PALO ALTO, Calif. —
Now Zynga has entered what looks like a death spiral, and nobody is surprised. This week the firm announced that users aren't flocking to its latest games, and as a result it's lowering its revenue expectations for the year. The announcement sparked another brutal slide in Zynga's stock price; shares were recently trading for less than $2.50 each, more than 75 percent less than at Zynga's IPO. Zynga has enough cash in the bank to stave off immediate panic, but now that the possibility of earning stock-market millions is looking dim, a number of the firm's top employees have left.

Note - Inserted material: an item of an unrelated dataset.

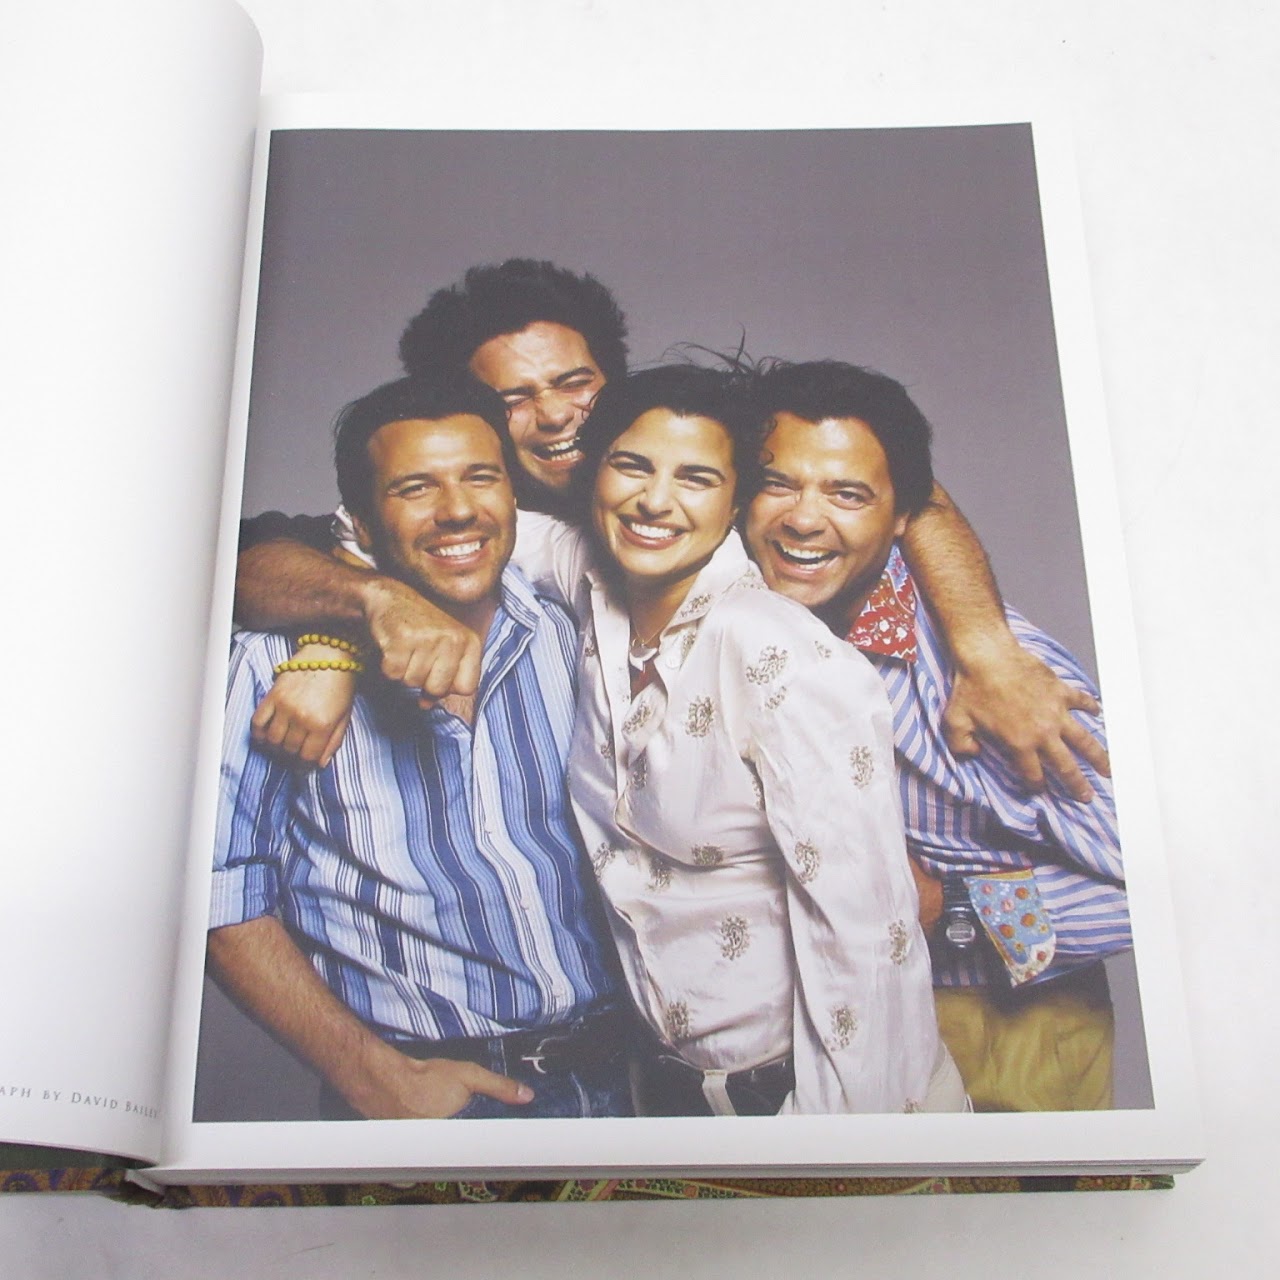 'Etro' Fashion Monograph Hardcover

In some ways Zynga's demise — along with Facebook's IPO fizzle and investors' newfound distaste for advertiser-driven consumer sites — is a good sign for the tech industry. There was a moment earlier this year when Silicon Valley threatened to return to the unrealistic go-go years. The high-water mark was the early summer. Around that time a delivery man knocked at my door bearing a package from Zynga. It was about the size of a shoebox, but it weighed nothing. And that's pretty much what it contained — I opened the box to find a folded-up paper airplane sitting in a wad of packaging tissue. The airplane was an invitation to an upcoming Zynga press event. I found the whole thing distasteful. Like the million-dollar rooftop launch parties and the Super Bowl sock puppets that defined the last boom, the invitation was a waste of money and creative energy that should have been used for something more productive.
Zynga's seeming decline marks the end of the bubble. It suggests that investors and customers can't be hoodwinked for long. Now, if the company has any hope of surviving, it's going to have to do something that it's never done before: Start building amazing things the world hasn't seen before.